■ **Source records**:
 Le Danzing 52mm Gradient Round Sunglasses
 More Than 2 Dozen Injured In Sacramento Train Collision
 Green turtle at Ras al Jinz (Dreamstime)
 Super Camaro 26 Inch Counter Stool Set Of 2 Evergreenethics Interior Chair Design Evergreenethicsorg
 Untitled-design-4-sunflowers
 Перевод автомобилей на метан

■ **To do**: Write out all the material exactly.

■ **Task result**:
 Le Danzing 52mm Gradient Round Sunglasses
 More Than 2 Dozen Injured In Sacramento Train Collision
 Green turtle at Ras al Jinz (Dreamstime)
 Super Camaro 26 Inch Counter Stool Set Of 2 Evergreenethics Interior Chair Design Evergreenethicsorg
 Untitled-design-4-sunflowers
 Перевод автомобилей на метан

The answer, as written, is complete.